In the second book, Tim Rafgarden, an algorithm guru, talks about graph search and its application, the shortest path search algorithm, and the use and implementation of some data structures: heaps, search trees, hash tables, and the Bloom filter.

This post presents an excerpt from Bloom Filters: The Basics.

What is this book about

The second part of the book “The Perfect Algorithm” is an introductory course on the basics of literacy on the following three topics.
')
Graph search and applications . Graphs model a number of different types of networks, including road, communication, social networks and networks of dependencies between tasks. Graphs can be complex, but there are some incredibly fast primitives to talk about graph structure. We'll start with linear-time graph search algorithms, from applications ranging from network analysis to building a sequence of operations.

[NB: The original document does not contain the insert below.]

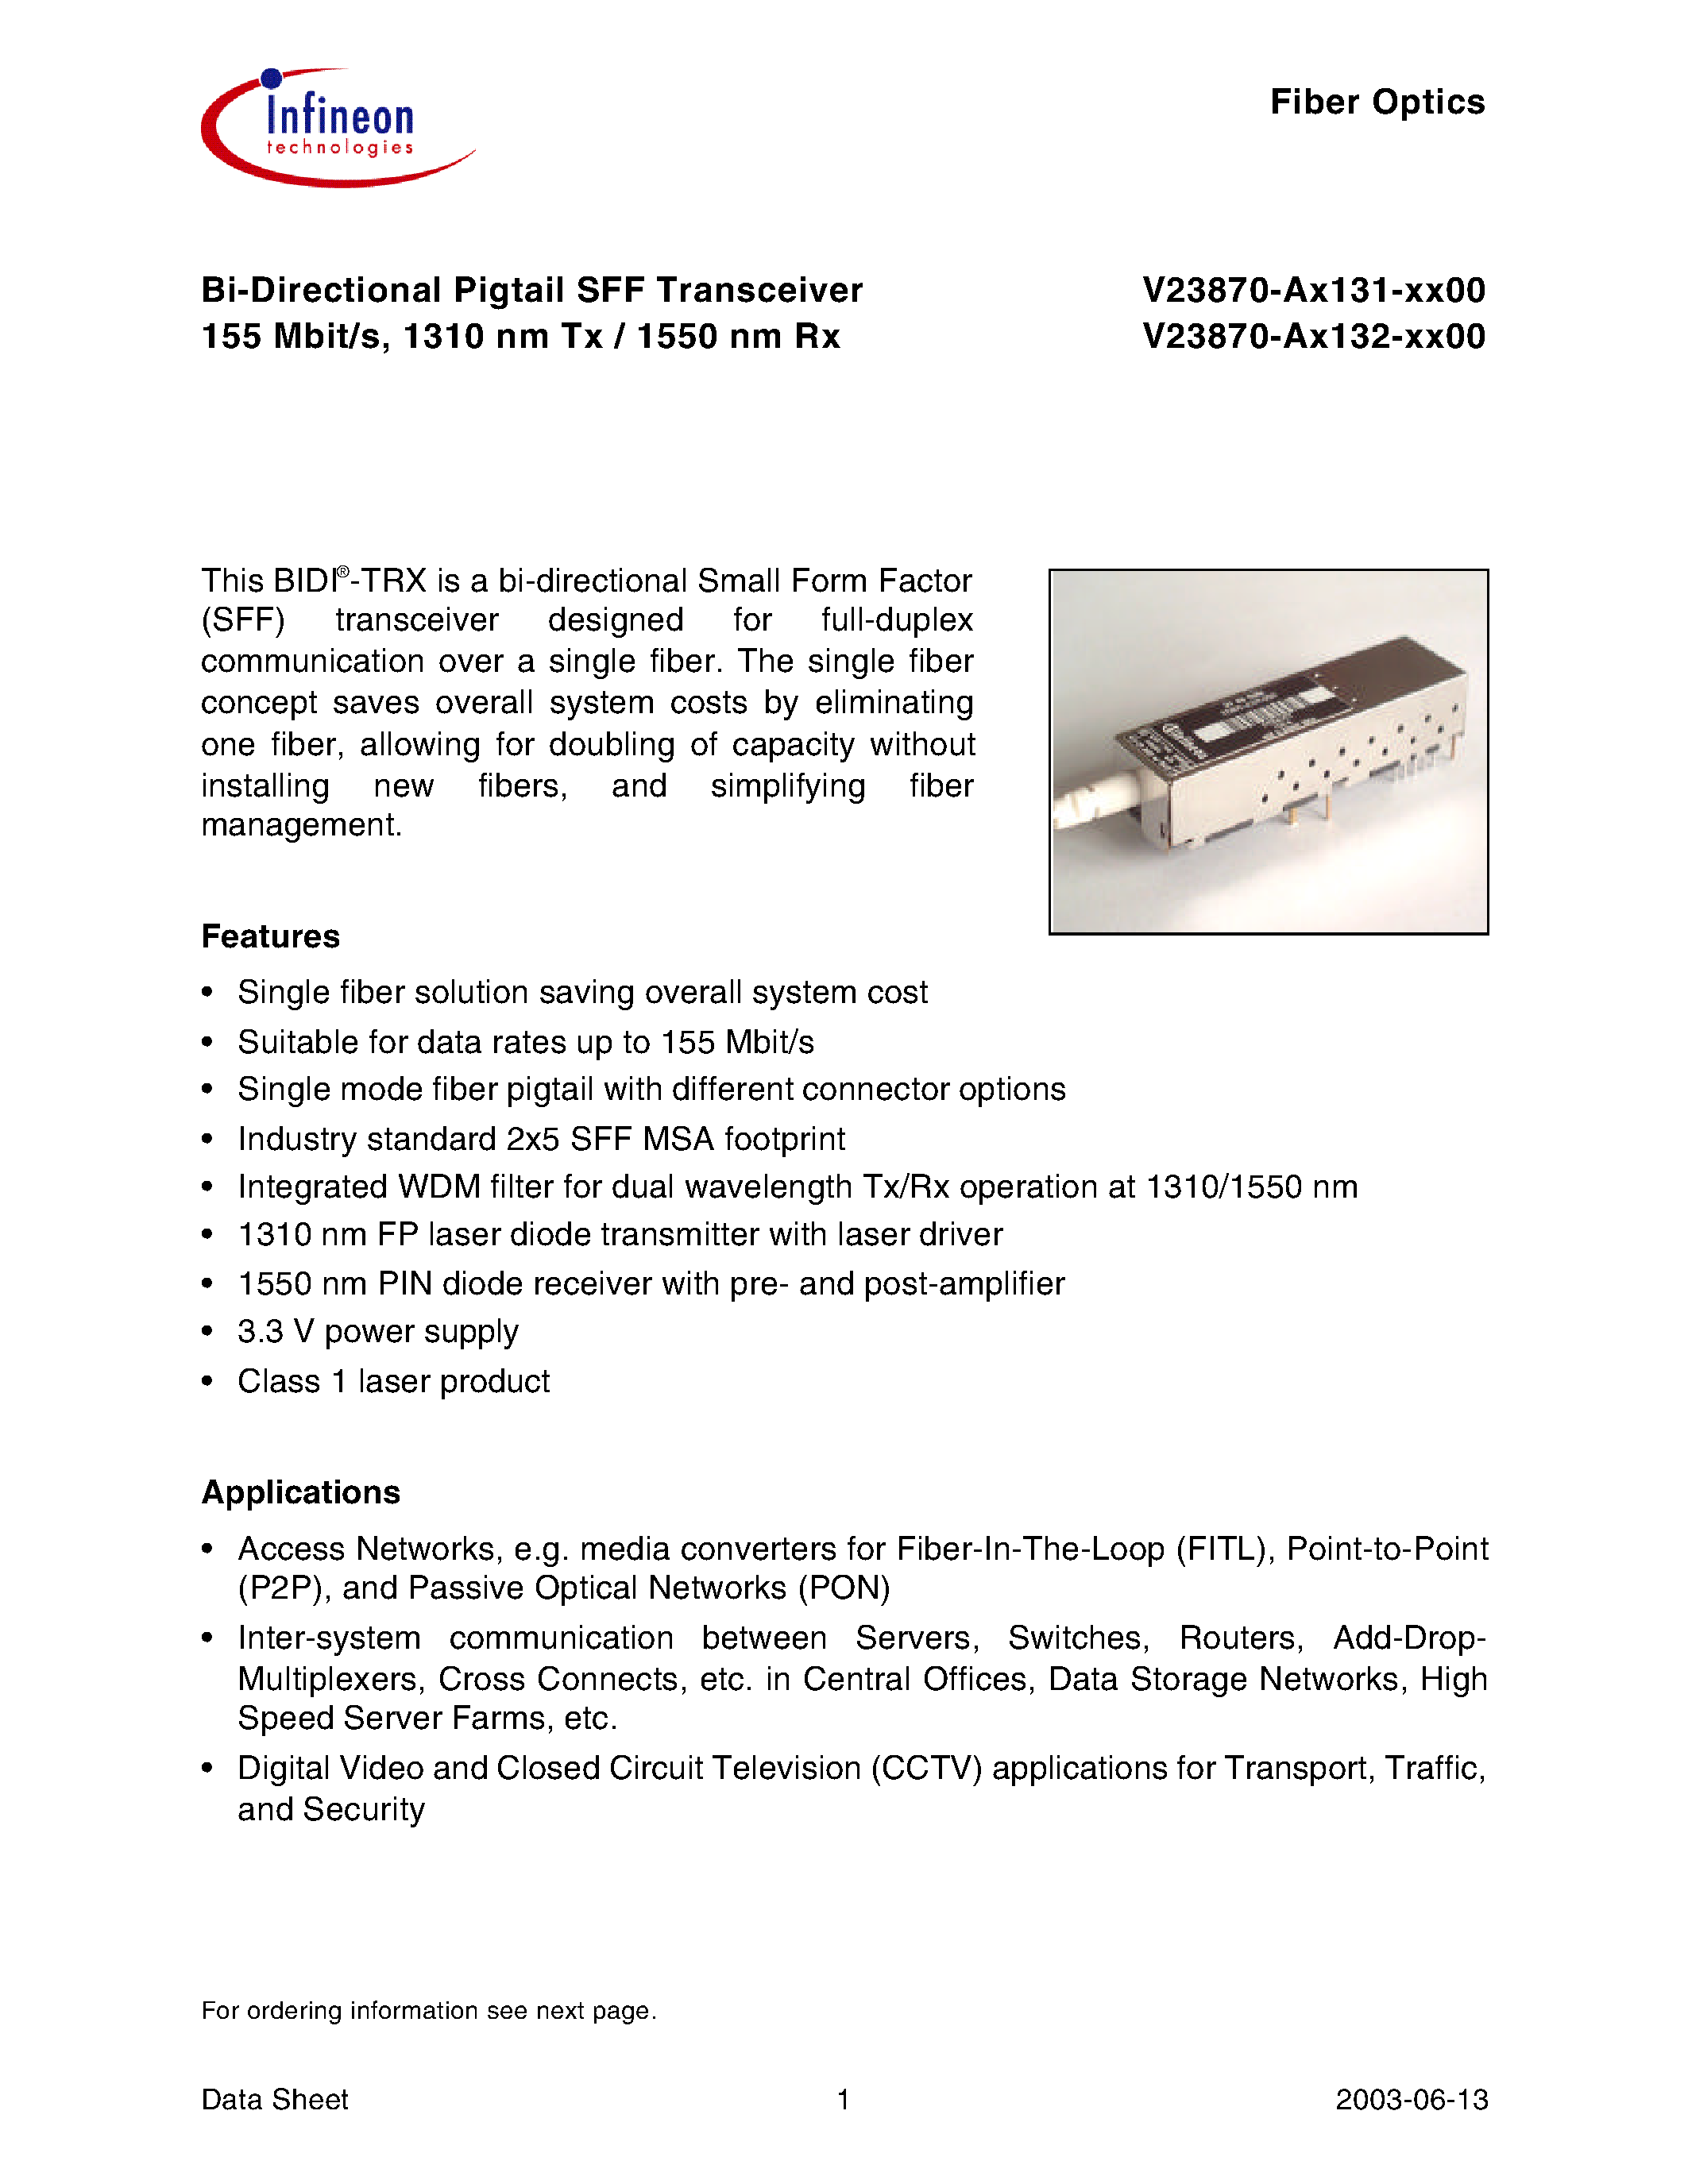 Datasheet V23870-A1132-A200 - Bi-Directional Pigtail SFF Transceiver 155 Mbit/s/ 1310 nm Tx / 1550 nm Rx page 1

The shortest paths . In the shortest path problem, the goal is to calculate the best route in the network from point A to point B. This task has obvious applications, such as calculating traffic routes, and also occurs in disguised form in many other universal tasks. We will generalize one of our graph search algorithms and come to the famous Dijkstra shortest path search algorithm.

Data structures . This book will make you a highly educated user of several different data structures designed to support an evolving set of objects with their associated keys. The main goal is to develop an intuition about which data structure is right for your application. Additional sections provide guidelines for implementing these data structures from scratch.

First, we discuss heaps that can quickly identify a stored object with the smallest key, and are also useful for sorting, implementing a priority queue, and implementing Dijkstra's almost linear-temporal algorithm. Search trees maintain the complete ordering of keys on stored objects and support an even wider range of operations. Hash tables are optimized for ultrafast search operations and are widespread in modern programs. We also look at the Bloom filter, a close relative of the hash table, which uses less space due to random errors.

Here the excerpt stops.